Мой отец – Владимир Беринг. Откровения дочери «врага народа»
Мне все-таки кажется, что надо тебе попробовать токарное дело. Если бы ты смогла поработать некоторое время ученицей, у тебя много практического подхода к работе и ты вполне можешь изучить подобного рода дело. Такая работа мне представляется лучше конторской. Вот мои мысли. На работе ты, конечно, будешь активной и сознательной ударницей. Осмотрись внимательно, разберись в обстановке и людях. Вот мои советы тебе, моя родная. Относительно оставления Мариночки и выезда сюда, мне кажется это трудновыполнимо. Подождем еще, потом подумаем на эту тему. Ехать тебе в незнакомый город с Мариночкой, все это принесет огорчения особенно зимой. Все равно приезжать и видеться удастся только во время отпуска на работе, а это будет редко. Лучше сейчас жить в Ташкенте… Ничего ужасного нет и падать духом никак не следует. Верно, дорогая моя? Я послал тебе специальную открытку с поздравлением, послал заблаговременно… Целую тебя крепко, привет всем родным. Твой Владимир Беринг».
В ташкентском житье-бытье было так мало радостей, что самыми счастливыми были дни, когда приходили письма от отца. «Мы с мамой смеялись и плакали над его письмами, — годы спустя вспоминала Марина Владимировна, — потом начинали собирать ему посылку с яблоками и сухофруктами. Чтобы яблоки не портились в дороге, каждое яблочко мама окунала в растопленный парафин, заворачивала в бумагу и аккуратно укладывала в ящик. Папа писал, что яблоки доходили, порченных не было. Но больше всего я любила писать папе письма. Конечно, писать, громко сказано: мама клала мне в руку карандаш, зажимала ее в своей ладони и мы писали. Я время от времени подергивала руку, чтобы получалась какая-нибудь закорючка. Мама сердилась, а я спрашивала: что я там написала?
Мне папа тоже отвечал, рассказывал о погоде, о северном сиянии».
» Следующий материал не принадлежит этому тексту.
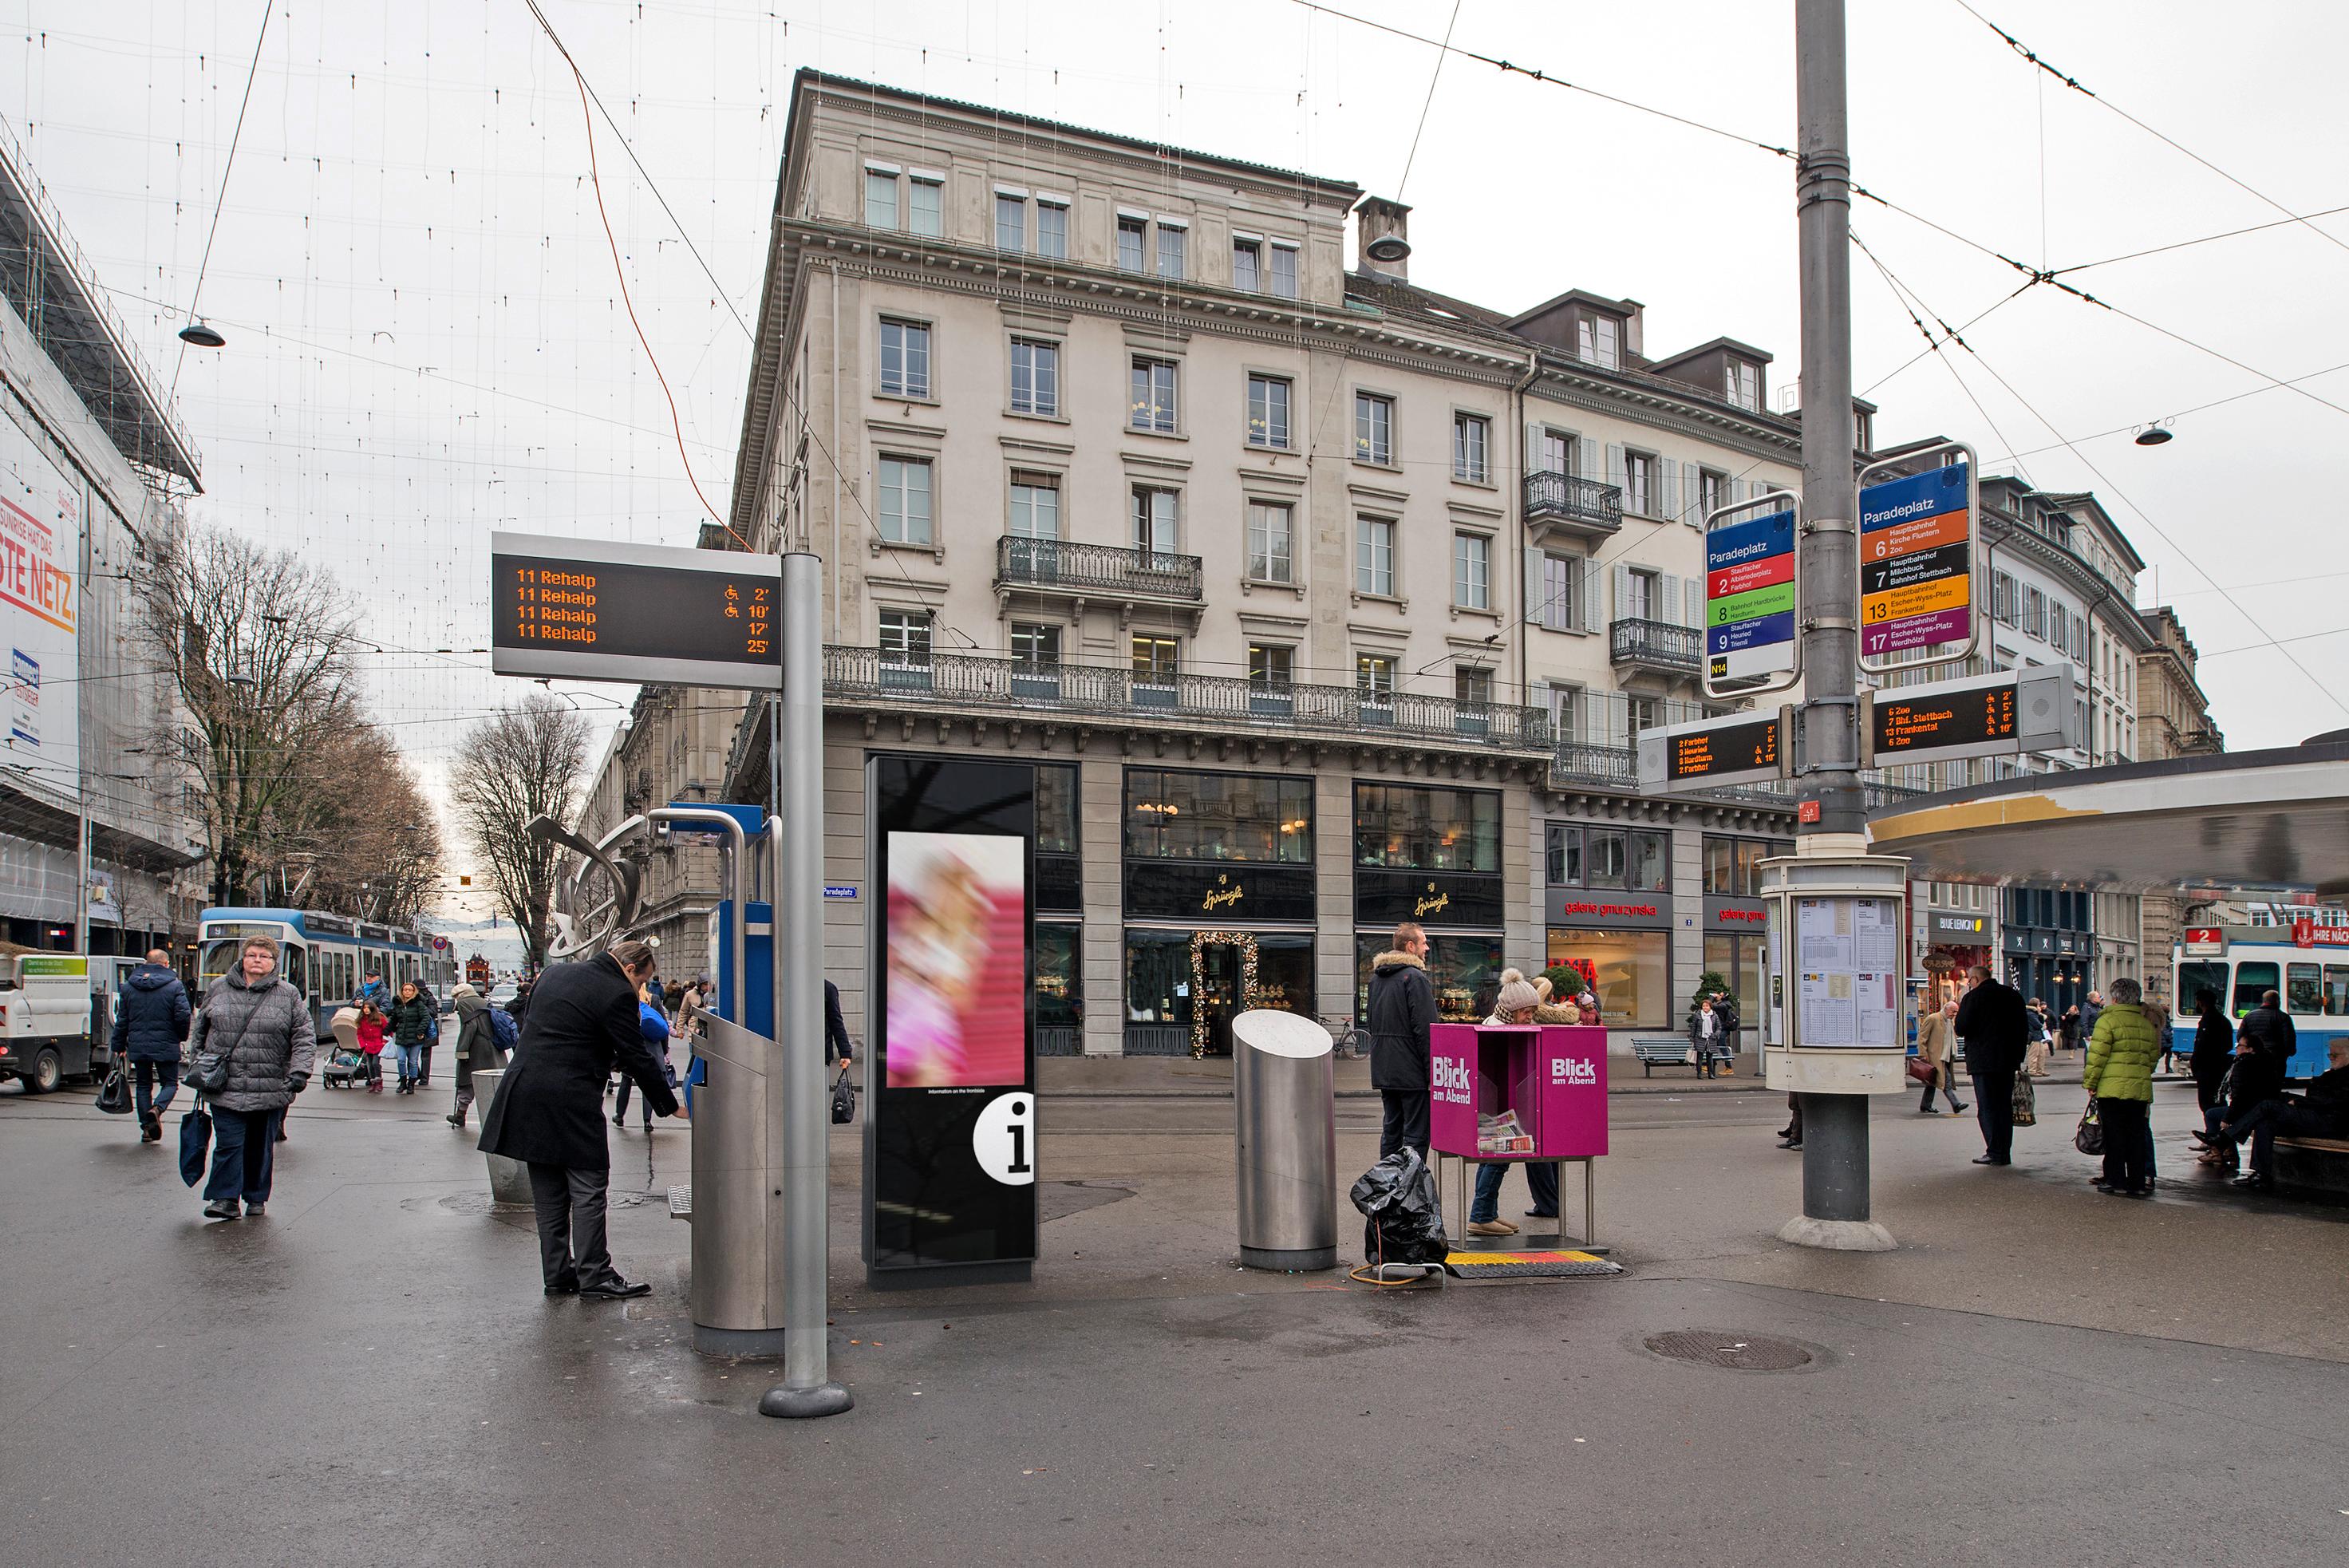 180712_paradeplatz_werbung
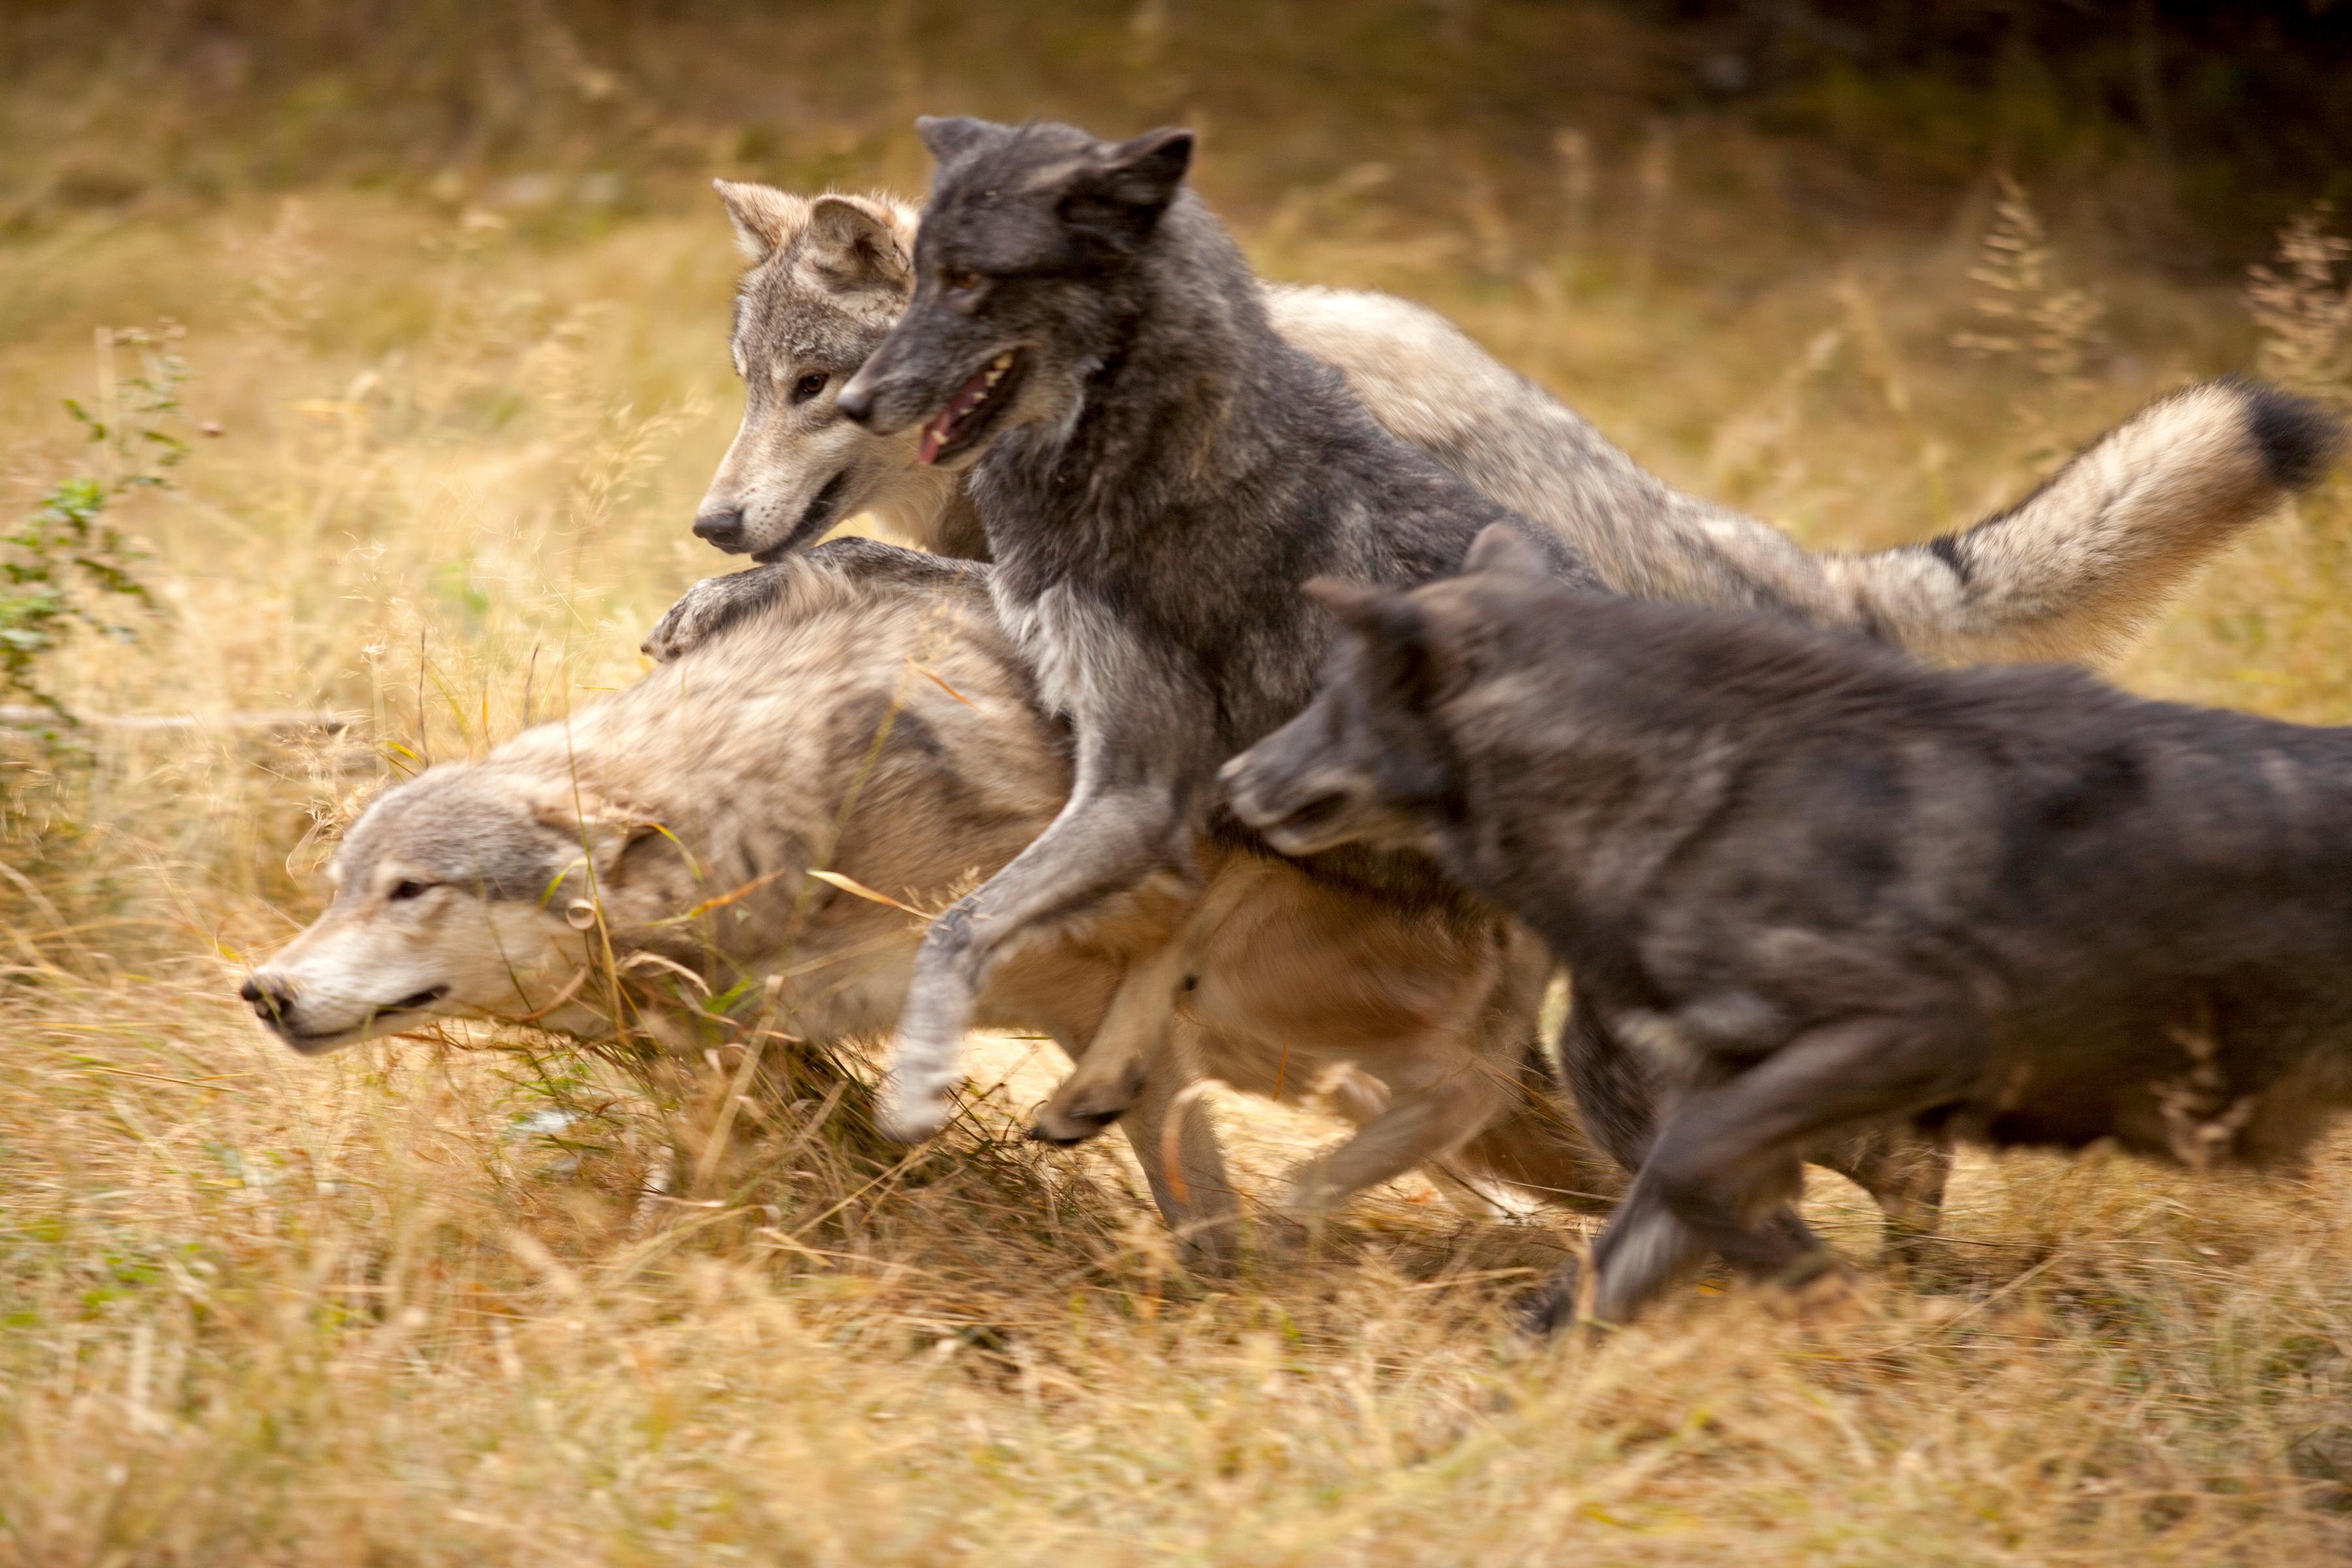 jeffmcgraw-photocase-greywolfpackatplay

«… Что же сообщить тебе про здешний климат? К морозам мы так привыкли, что градусов 15 (мороза) считается: «сегодня очень тепло – почти лето». И, действительно, кажется, что на воздухе жарко. Занятно бывает, когда гудит пурга (так было последние три дня), ветер до 30-35 метров в секунду, пурга завывает, ветер сшибает с ног… Я расскажу, что такое северное сияние, а ты прочитай Мариночке. Дорогая моя дочурка, посмотри сначала на радугу, видела ли ты ее? Северное сияние – это много, много радуг на небе, они такие же разноцветные. Только они все время меняются по ширине, делаются то уже, то покрывают сразу полнеба, края у них неровные, с зубчиками. Вот когда много таких радуг бегает по небу – это северное сияние. Целую тебя, дочурка. Крепко люби мамочку. Пиши мне регулярно, Стеллочка. Хотя и с опозданием, письма дойдут. Будьте бодры и здоровы. Никаких уныний. Все имеет конец. Твой Владимир Беринг» (письмо к жене, С.И. Беринг).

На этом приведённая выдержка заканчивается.